Averaged over the entire planet, the amount of sunlight arriving at the top of Earth’s atmosphere is only one-fourth of the total solar irradiance, or approximately 340 watts per square meter.
When the flow of incoming solar energy is balanced by an equal flow of heat to space, Earth is in radiative equilibrium, and global temperature is relatively stable. Anything that increases or decreases the amount of incoming or outgoing energy disturbs Earth’s radiative equilibrium; global temperatures must rise or fall in response.
Heating Imbalances
Three hundred forty watts per square meter of incoming solar power is a global average; solar illumination varies in space and time. The annual amount of incoming solar energy varies considerably from tropical latitudes to polar latitudes. At middle and high latitudes, it also varies considerably from season to season.
If the Earth’s axis of rotation were vertical with respect to the path of its orbit around the Sun, the size of the heating imbalance between equator and the poles would be the same year round, and the seasons we experience would not occur. Instead Earth’s axis is tilted off vertical by about 23 degrees. As the Earth orbits the Sun, the tilt causes one hemisphere and then the other to receive more direct sunlight and to have longer days.
The total energy received each day at the top of the atmosphere depends on latitude. The highest daily amounts of incoming energy (pale pink) occur at high latitudes in summer, when days are long, rather than at the equator.
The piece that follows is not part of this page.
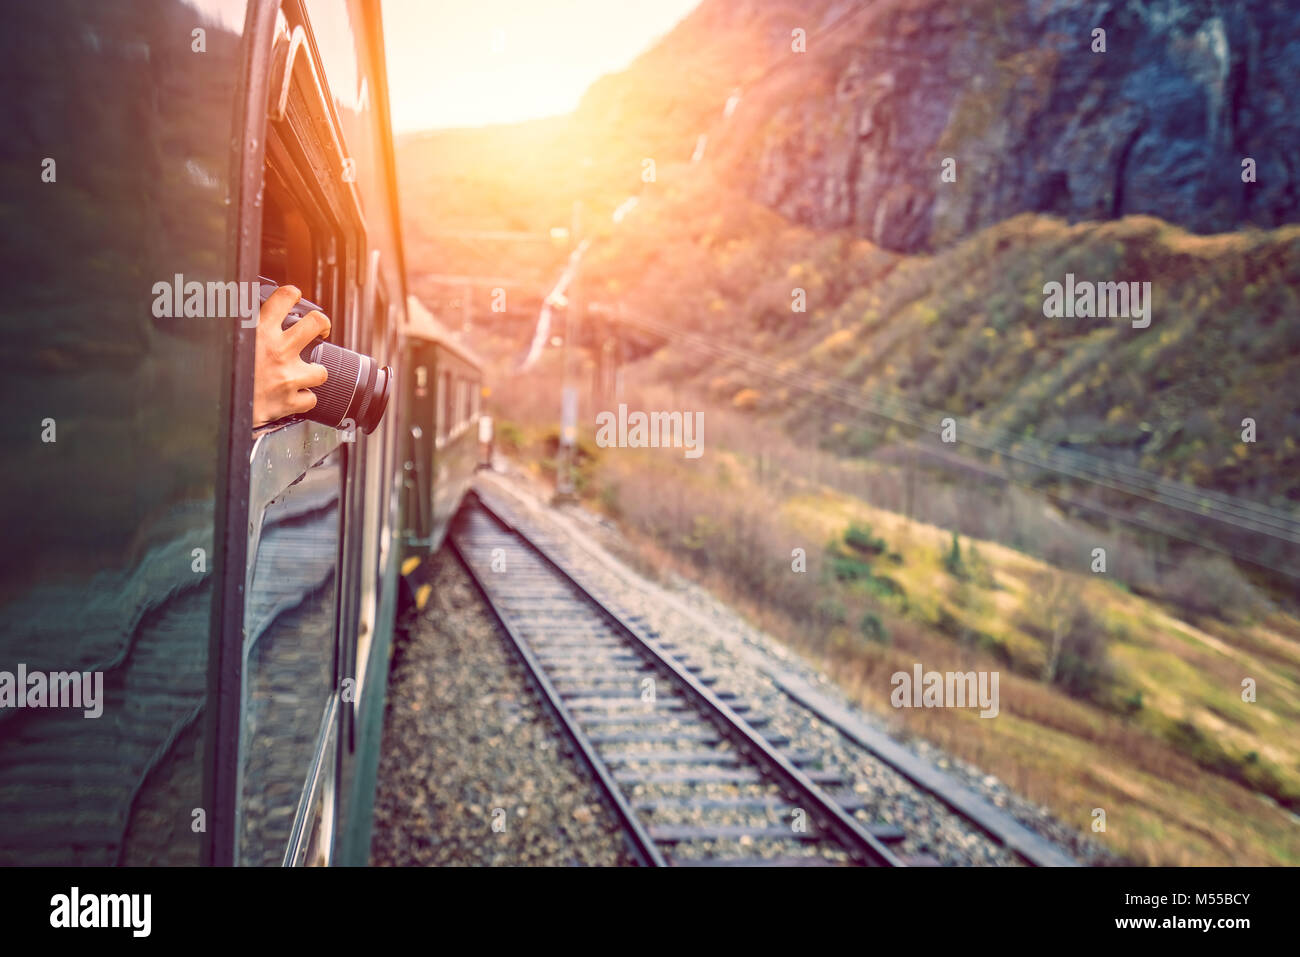 Taking pictures of landscape from a train window Stock Photo - Alamy

In winter, some polar latitudes receive no light at all (black). The Southern Hemisphere receives more energy during December (southern summer) than the Northern Hemisphere does in June (northern summer) because Earth’s orbit is not a perfect circle and Earth is slightly closer to the Sun during that part of its orbit. Total energy received ranges from 0 (during polar winter) to about 50 (during polar summer) megajoules per square meter per day.
In the “summer hemisphere,” the combination of more direct sunlight and longer days means the pole can receive more incoming sunlight than the tropics, but in the winter hemisphere, it gets none. Even though illumination increases at the poles in the summer, bright white snow and sea ice reflect a significant portion of the incoming light, reducing the potential solar heating.
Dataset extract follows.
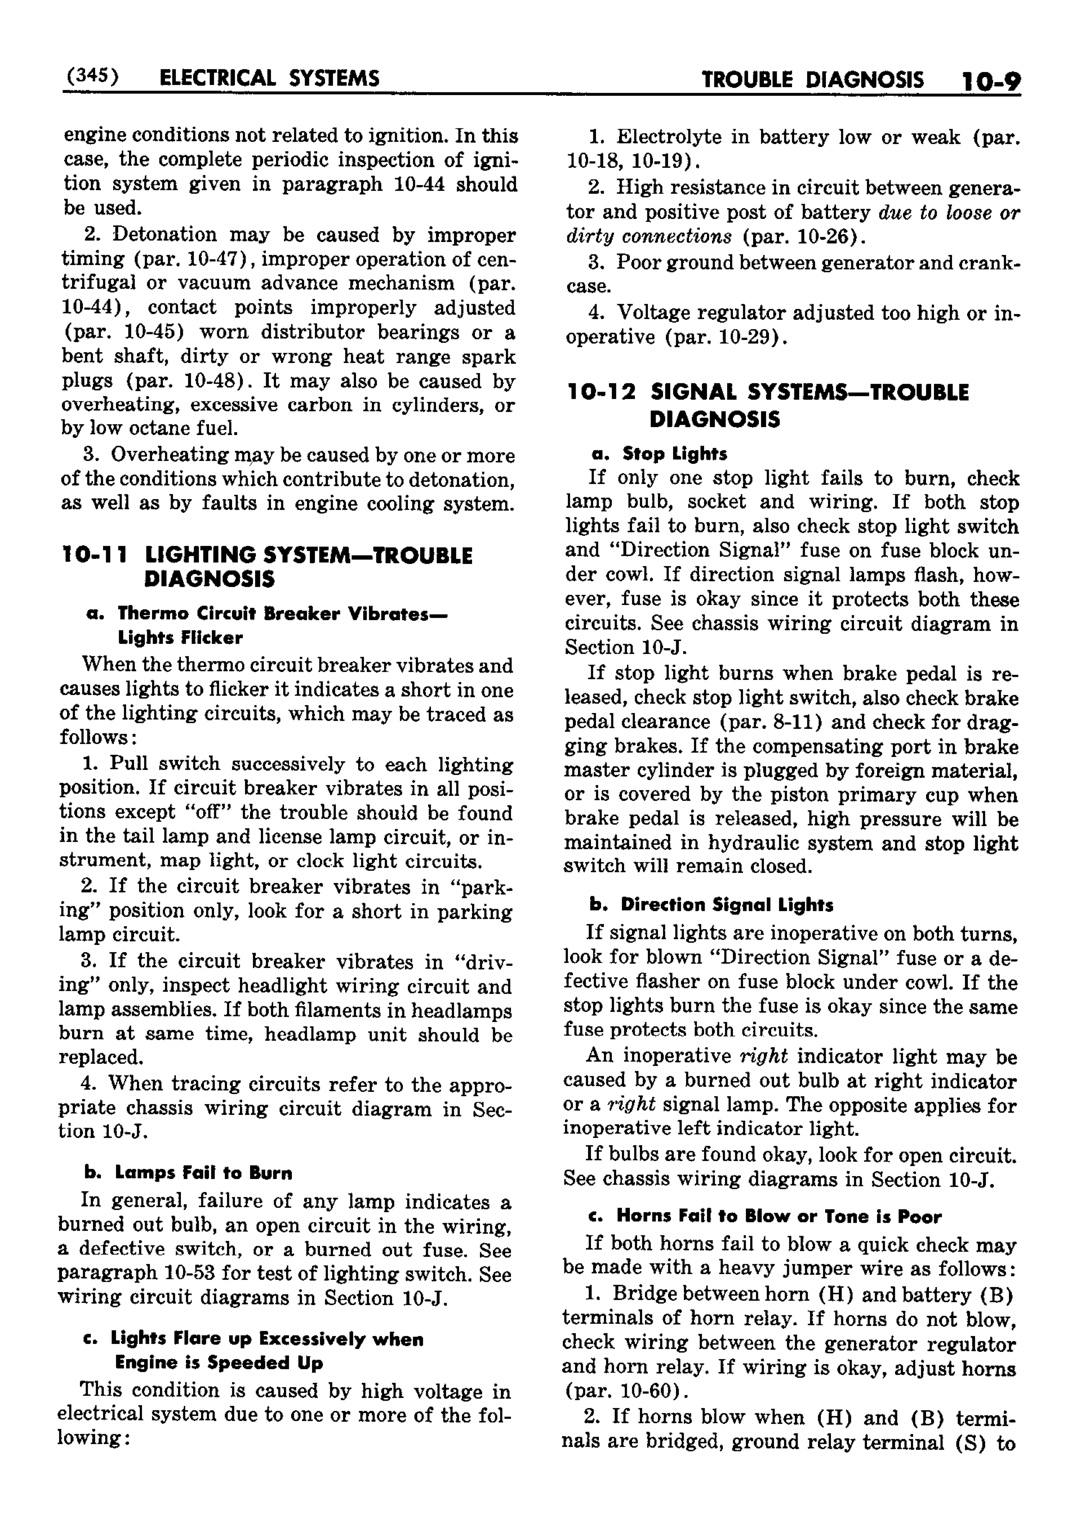 n_11 1952 Buick Shop Manual - Electrical Systems-009-009.jpg

The amount of sunlight the Earth absorbs depends on the reflectivness of the atmosphere and the ground surface. This satellite map shows the amount of solar radiation (watts per square meter) reflected during September 2008. Along the equator, clouds reflected a large proportion of sunlight, while the pale sands of the Sahara caused the high reflectivness in North Africa. Neither pole is receiving much incoming sunlight at this time of year, so they reflect little energy even though both are ice-covered. (NASA map by Robert Simmon, based on CERES data.)
The differences in reflectivness (albedo) and solar illumination at different latitudes lead to net heating imbalances throughout the Earth system. At any place on Earth, the net heating is the difference between the amount of incoming sunlight and the amount heat radiated by the Earth back to space. In the tropics there is a net energy surplus because the amount of sunlight absorbed is larger than the amount of heat radiated. In the polar regions, however, there is an annual energy deficit because the amount of heat radiated to space is larger than the amount of absorbed sunlight.
This map of net radiation (incoming sunlight minus reflected light and outgoing heat) shows global energy imbalances in September 2008, the month of an equinox. Areas around the equator absorbed about 200 watts per square meter more on average (orange and red) than they reflected or radiated. Areas near the poles reflected and/or radiated about 200 more watts per square meter (green and blue) than they absorbed. Mid-latitudes were roughly in balance. (NASA map by Robert Simmon, based on CERES data.)
The net heating imbalance between the equator and poles drives an atmospheric and oceanic circulation that climate scientists describe as a “heat engine.” (In our everyday experience, we associate the word engine with automobiles, but to a scientist, an engine is any device or system that converts energy into motion.) The climate is an engine that uses heat energy to keep the atmosphere and ocean moving. Evaporation, convection, rainfall, winds, and ocean currents are all part of the Earth’s heat engine.
References
Cahalan, R. (n.d.) Solar and Earth Radiation. Accessed December 12, 2008.
Hansen, J., Nazarenko, L., Ruedy, R., Sato, M., Willis, J., Del Genio, A., Koch, D., Lacis, A., Lo, K., Menon, S., Novakov, T., Perlwitz, J., Russell, G., Schmidt, G.A., and Tausnev, N. (2005). Earth’s Energy Imbalance: Confirmation and Implications. Science, (308) 1431-1435.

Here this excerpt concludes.